== TASK INSTRUCTIONS ==
Using the material below, print a verbatim copy of every line from the one containing "Daylight (sold)" through the one containing "Senart Stripe Rubber", inclusive, and omit the pictures.

== MATERIALS PROVIDED ==
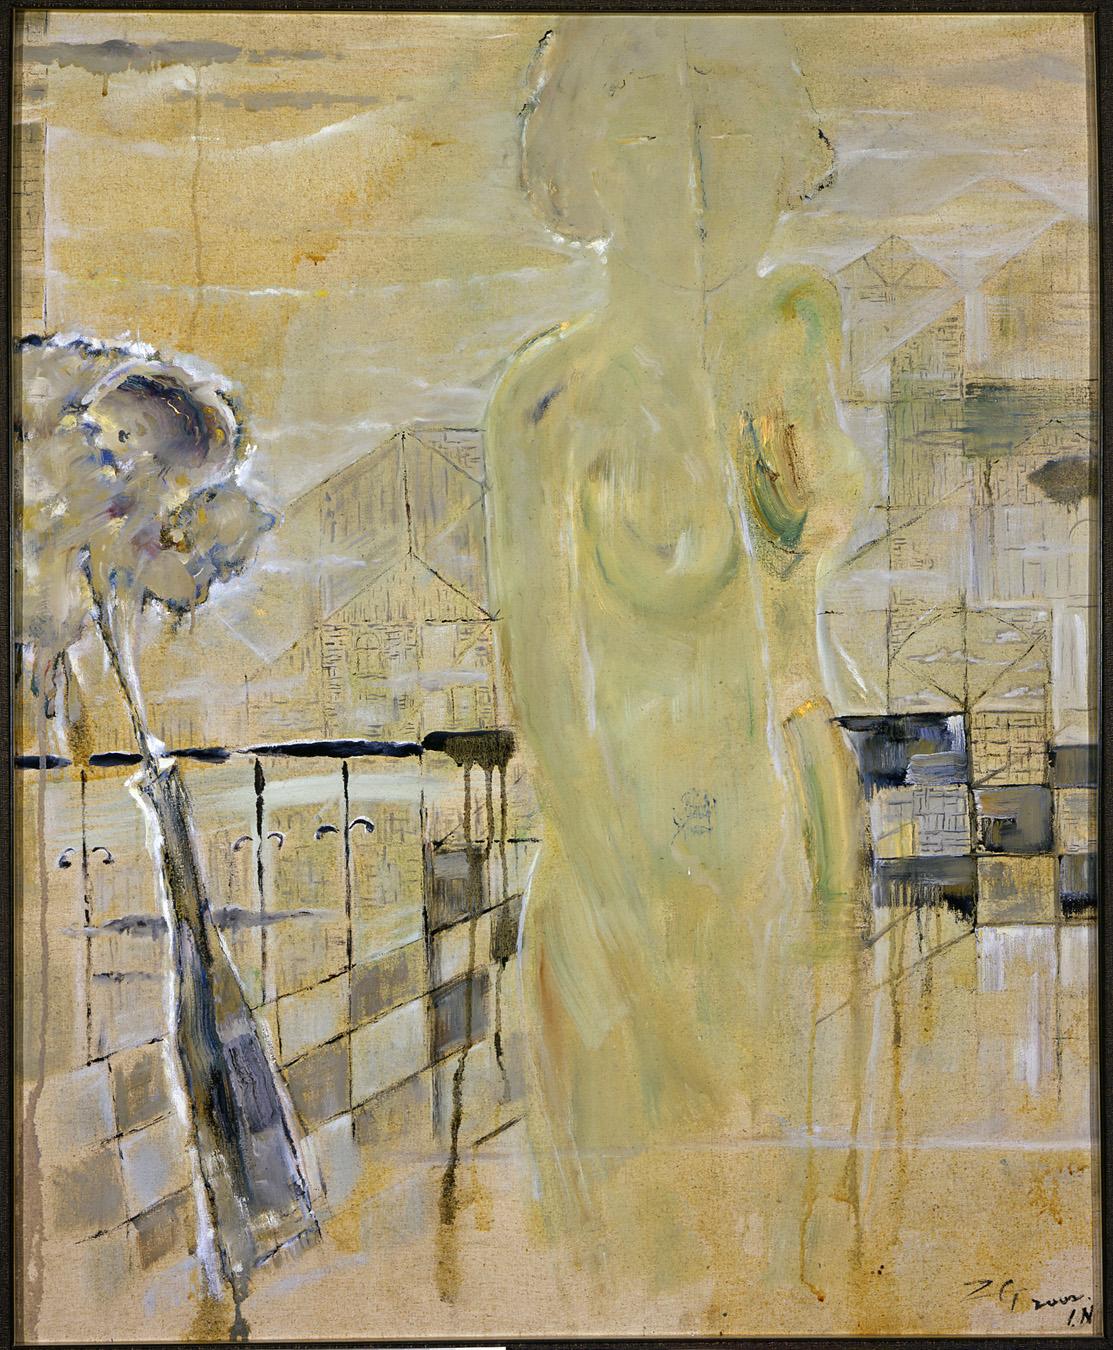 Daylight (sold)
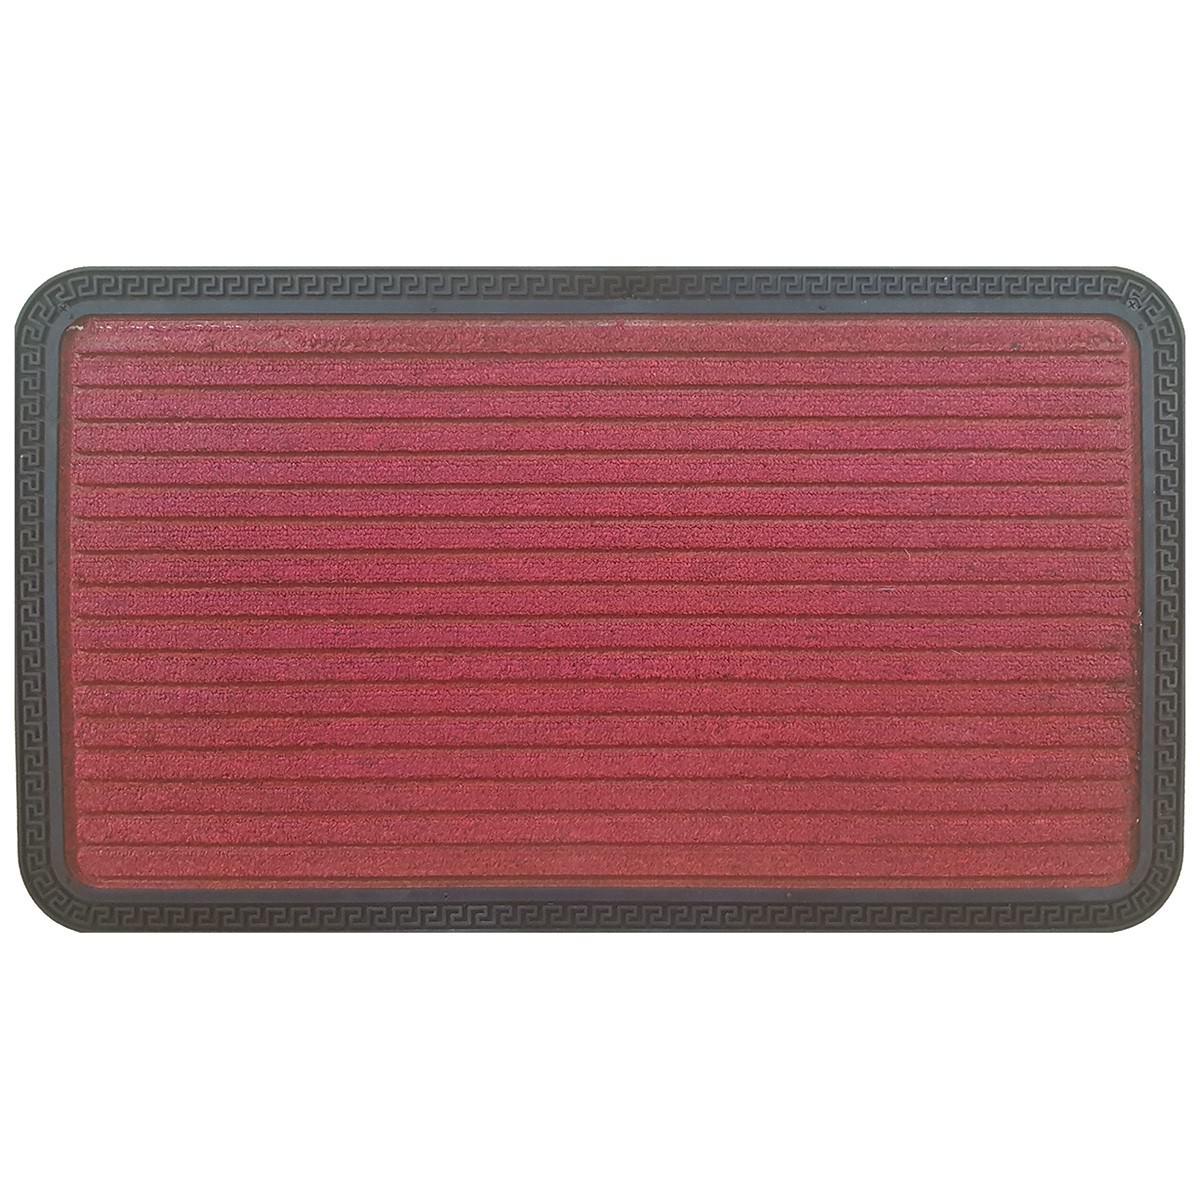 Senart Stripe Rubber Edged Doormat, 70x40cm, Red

* * *

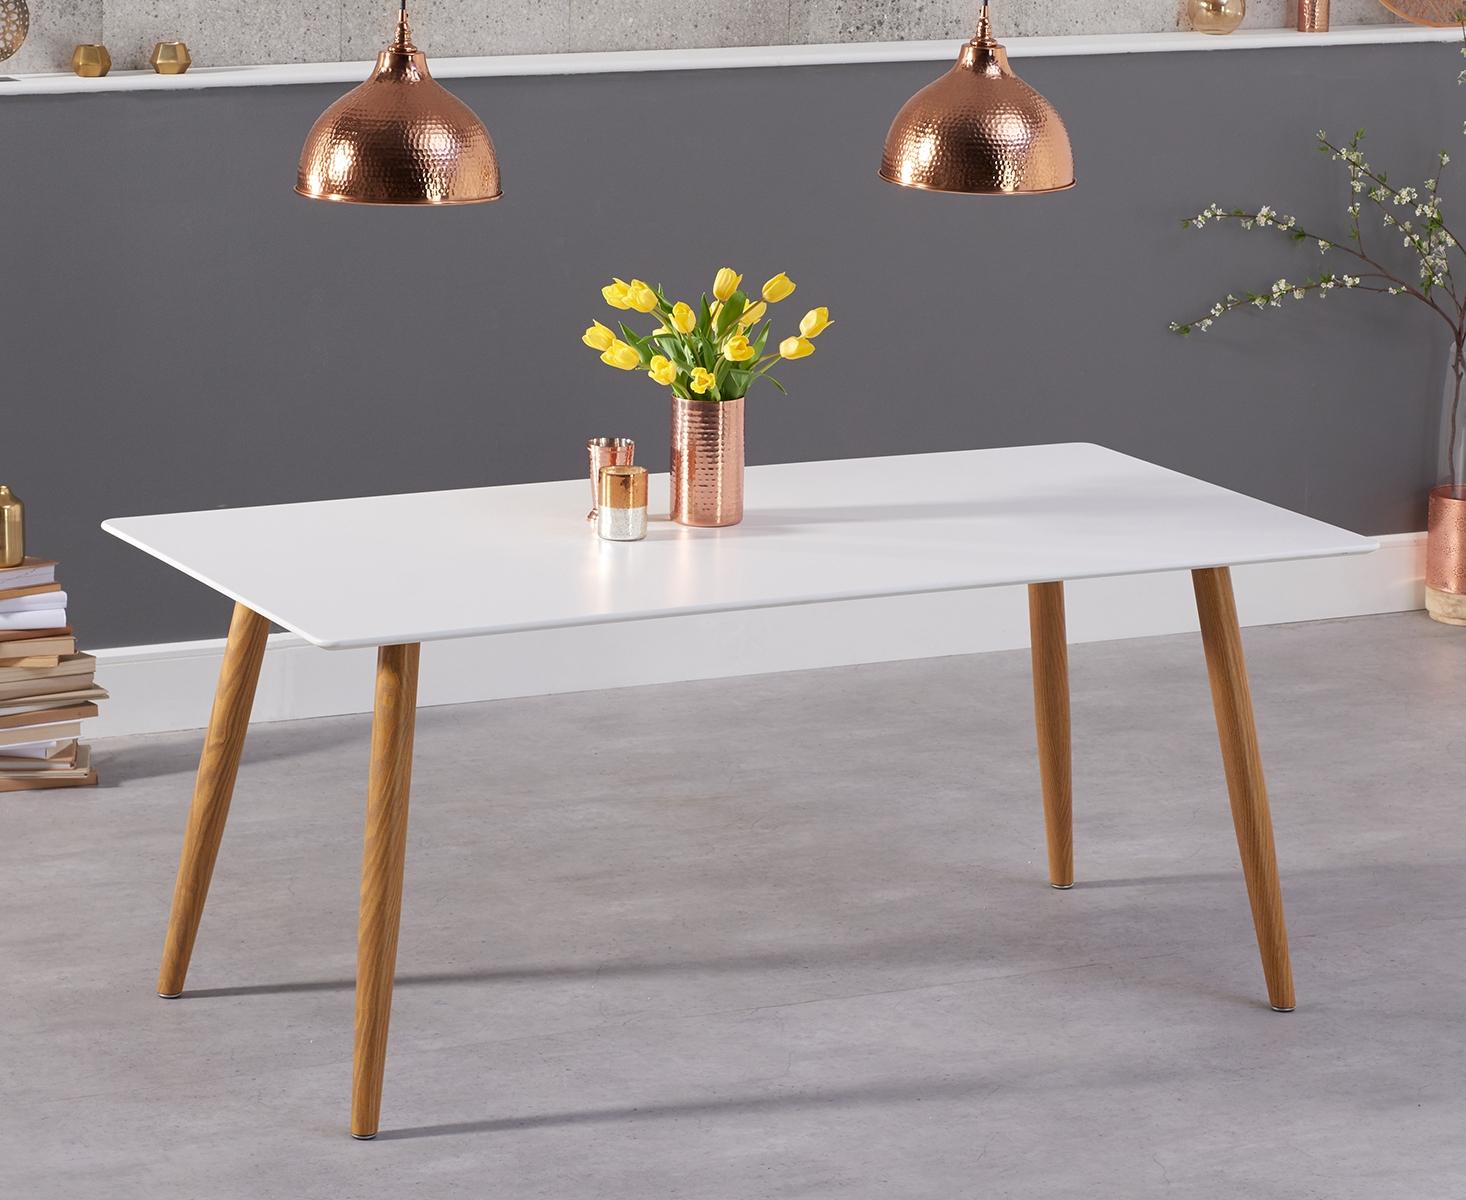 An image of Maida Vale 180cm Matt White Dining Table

---

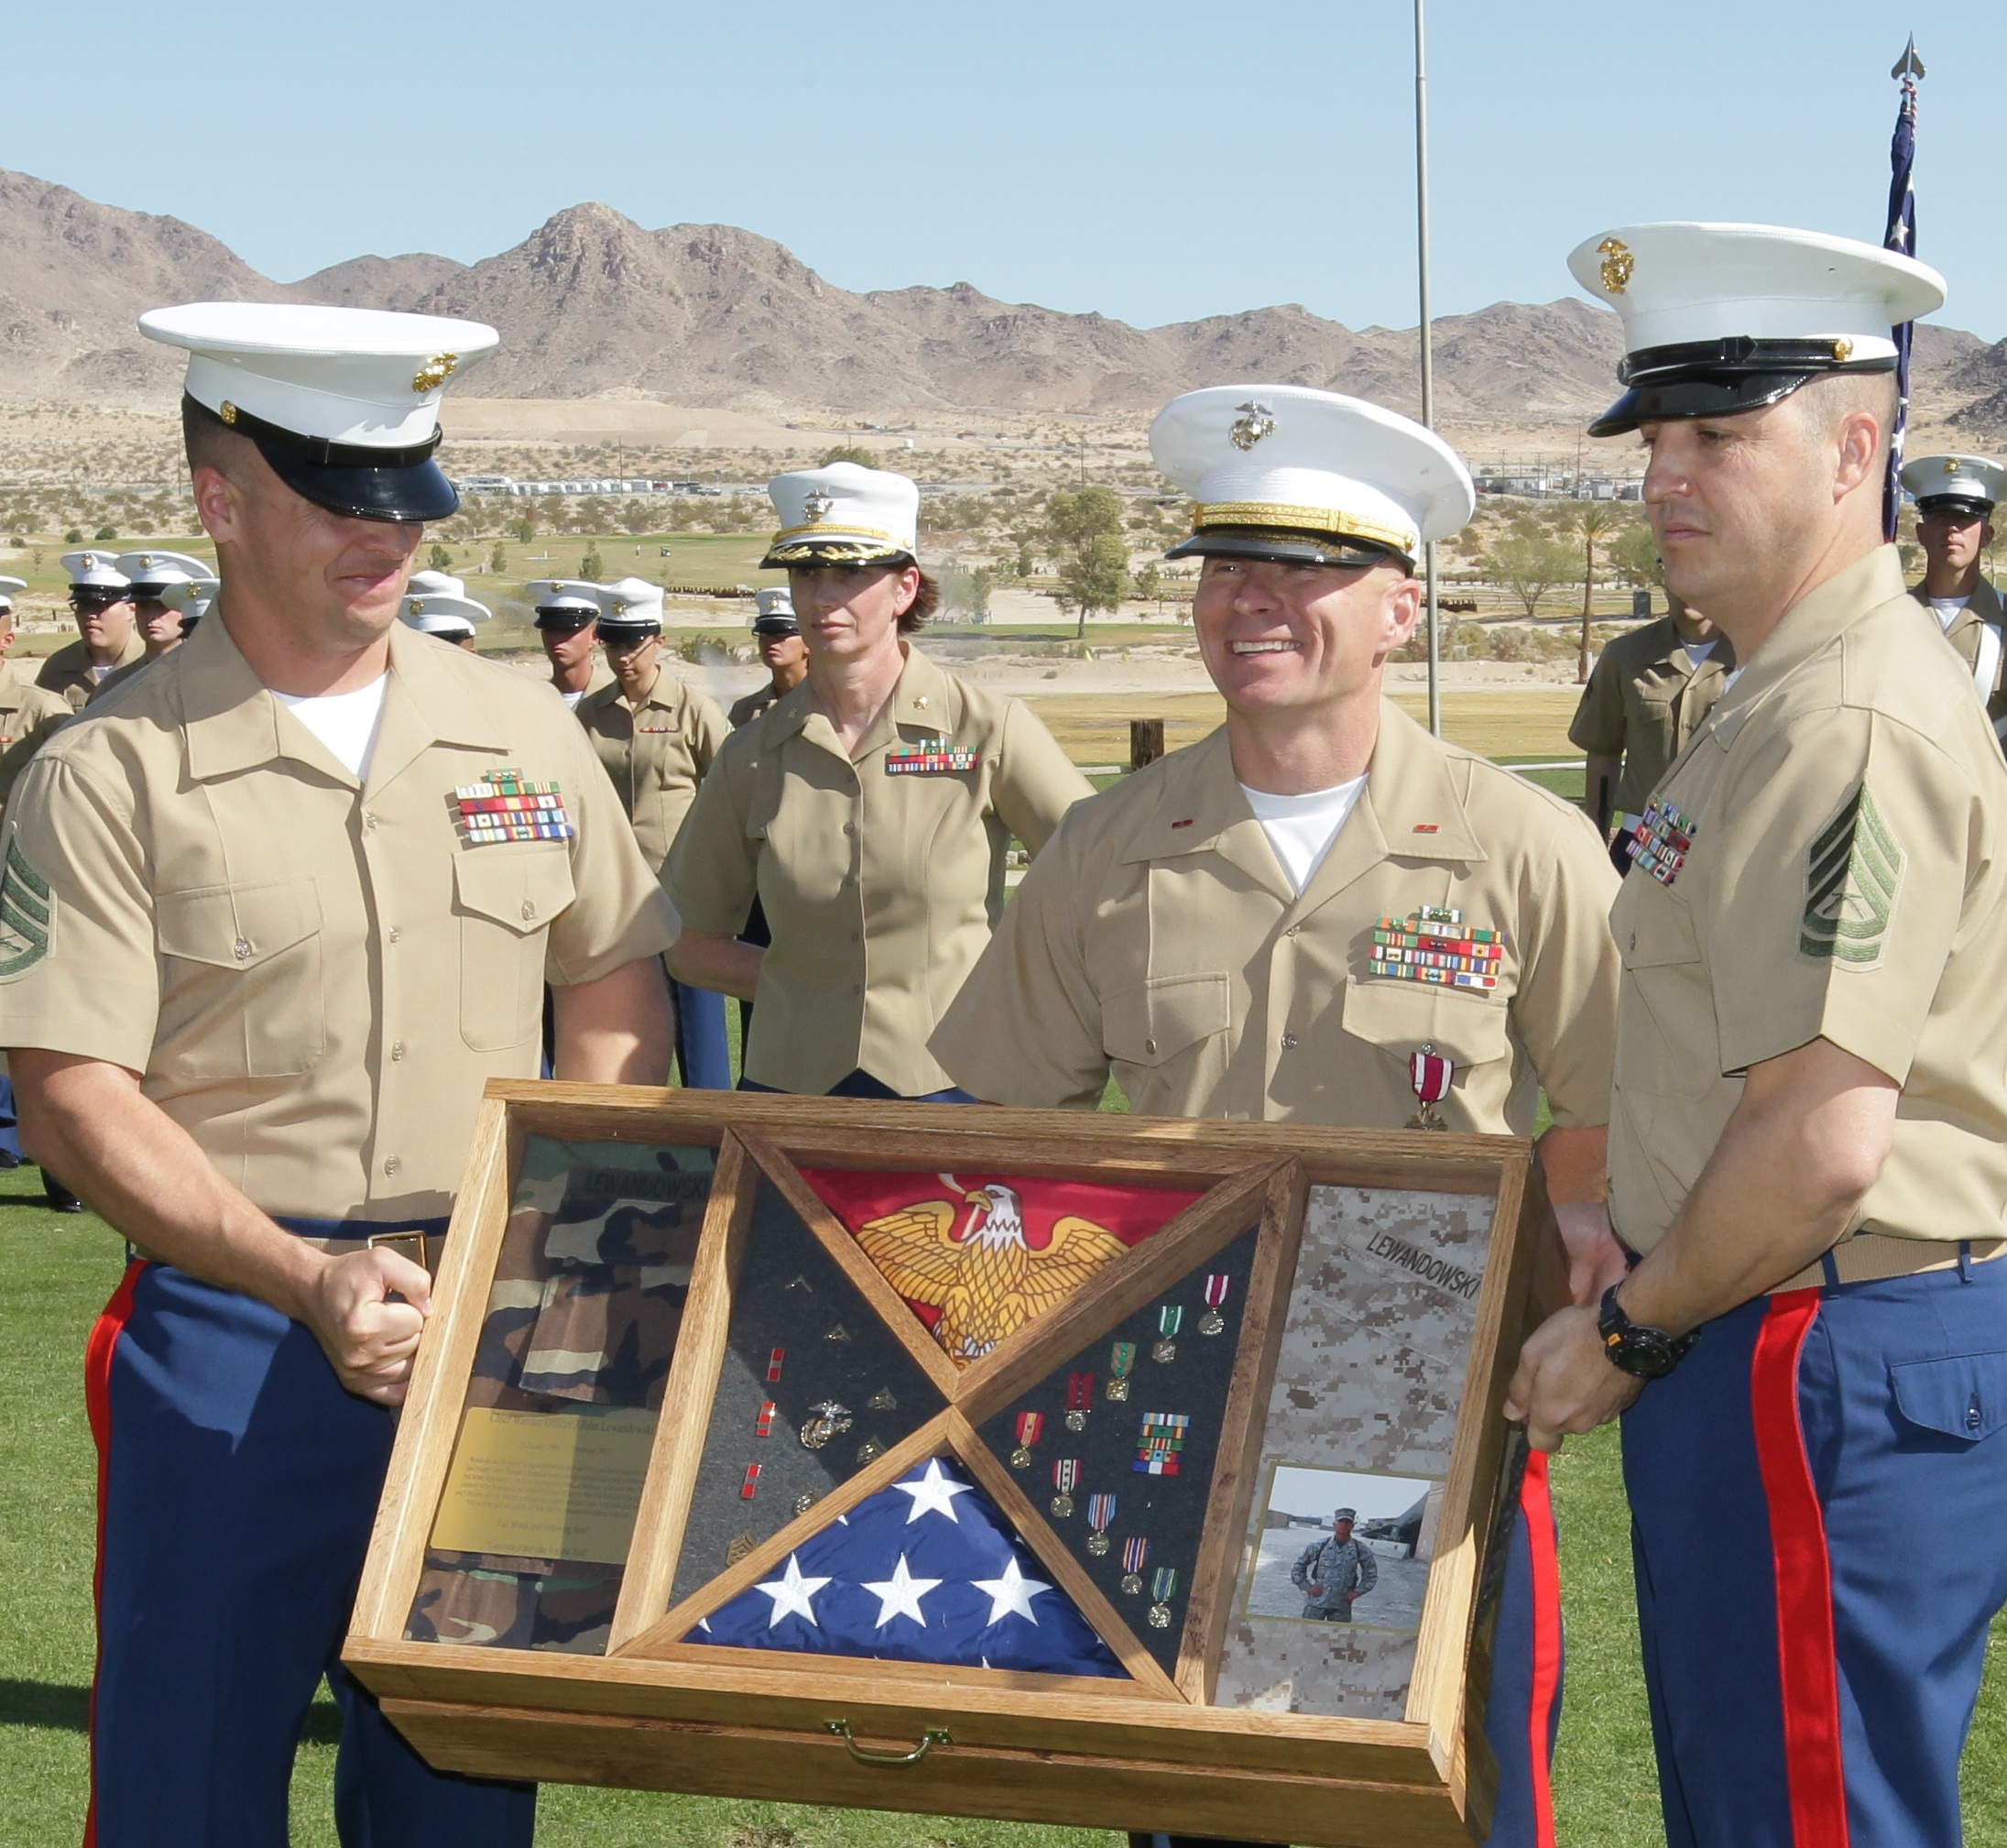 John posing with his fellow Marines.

== WRITTEN REPLY ==
 Daylight (sold)
 Senart Stripe Rubber Edged Doormat, 70x40cm, Red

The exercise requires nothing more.